The Republican Platform:

Unlike in previous years, the 2008 Republican Party platform does not explicitly mention Roe v. Wade, but states that "We lament that judges have denied the people their right to set abortion policies in the states." It praises the ban on partial-birth abortion, explicitly opposes federal funding for abortion, and supports parental-notification laws. There is no discussion of further restrictions on abortion but a lengthy discussion of the need for policies supporting prenatal healthcare and alternatives to abortion, such as adoption and pregnancy care centers.

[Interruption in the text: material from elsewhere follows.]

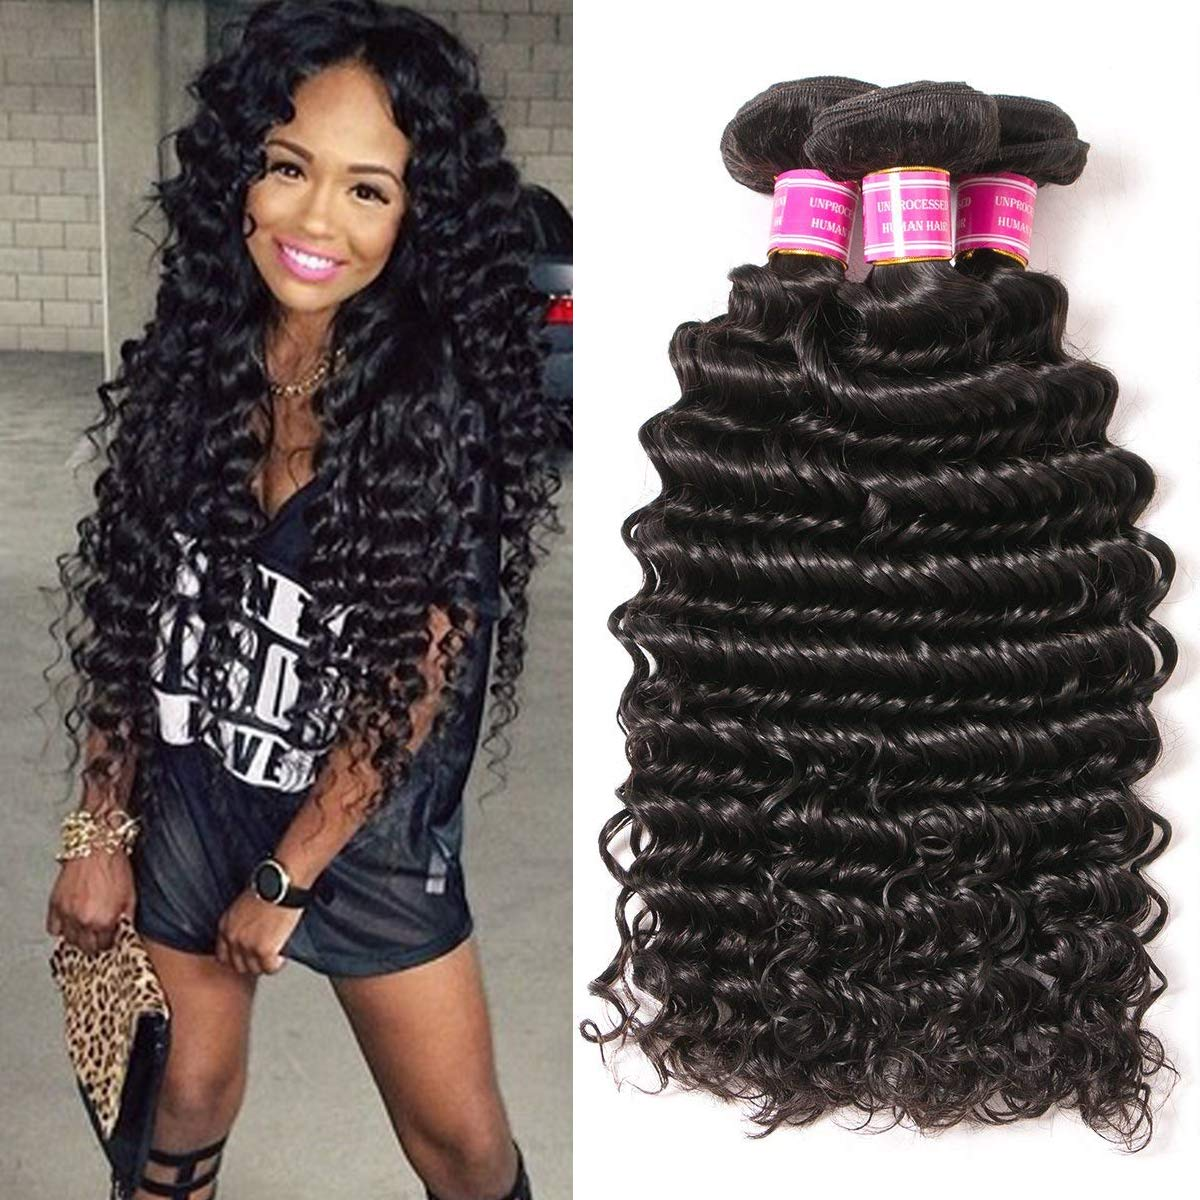 VRBest Brazilian Deep Wave 3 Bundles 100% Unprocessed Virgin Brazilian Hair Bundles Deep Curly Human Hair Extensions Natural Color 100g/Bundle (12 14 16) by VRBest
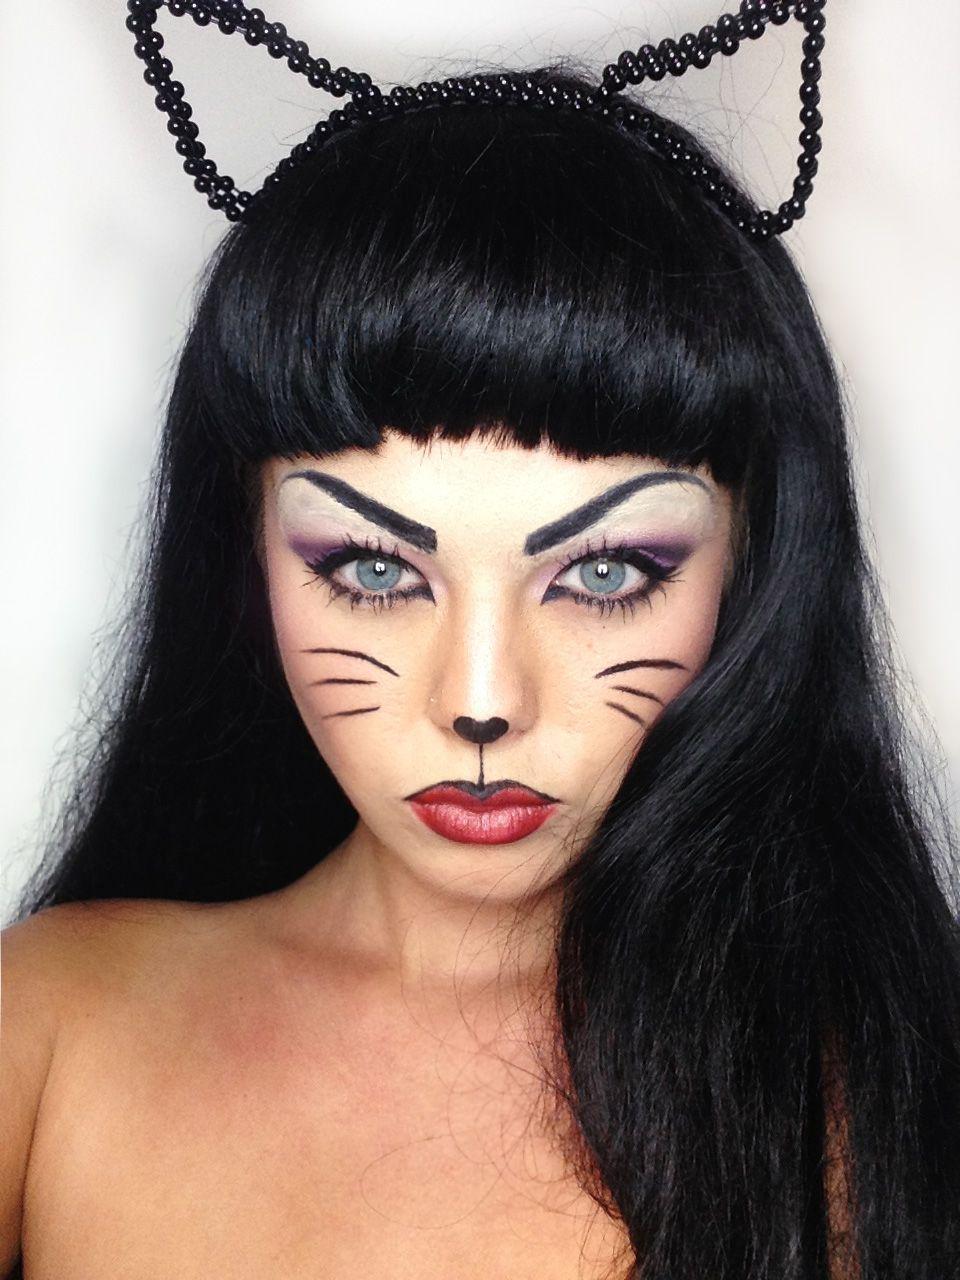 Mia.  My cat makeup for halloween  Twitter- @miakennington Instagram - MiaKenn http://mia0k.tumblr.com

A Catholic Evaluation of the McCain-Palin Position on Abortion:

Thirty-five years after Roe v. Wade, some Catholics, especially those who have abandoned their historical support for the Democratic Party over the Democrats' support for abortion, have begun to question the Republican Party's commitment to ending the 1.4 million abortions that occur every year in the United States. It's a fair question, especially since the Republican Party controlled the White House and both houses of Congress for six years, from January 2001 to January 2007, and during that time made no real efforts to pass a pro-life constitutional amendment or to reverse Roe v. Wade legislatively and remove the issue of abortion from the jurisdiction of the federal courts. They did, however, pass a ban on partial-birth abortion and the Born-Alive Infants' Protection Act, which requires that children who were born alive during an abortion to be given medical treatment. (Together, the two pieces of legislation may save 600-1,000 lives per year.)

On the other hand, some Catholics argue that the Democratic Party is so committed to the upholding and extension of abortion rights, including, in their 2008 platform, federal funding for abortion, that the Republicans are preferable even if they only pay lip service to the pro-life cause.

In terms of the practical results of the 2008 presidential election, even if John McCain is not committed to overturning Roe v. Wade, he has consistently opposed federal funding for abortion, while Barack Obama and the Democratic platform both support it. Federal funding is an important issue for Catholics, because every taxpayer becomes implicated in the abortions that are funded with tax dollars.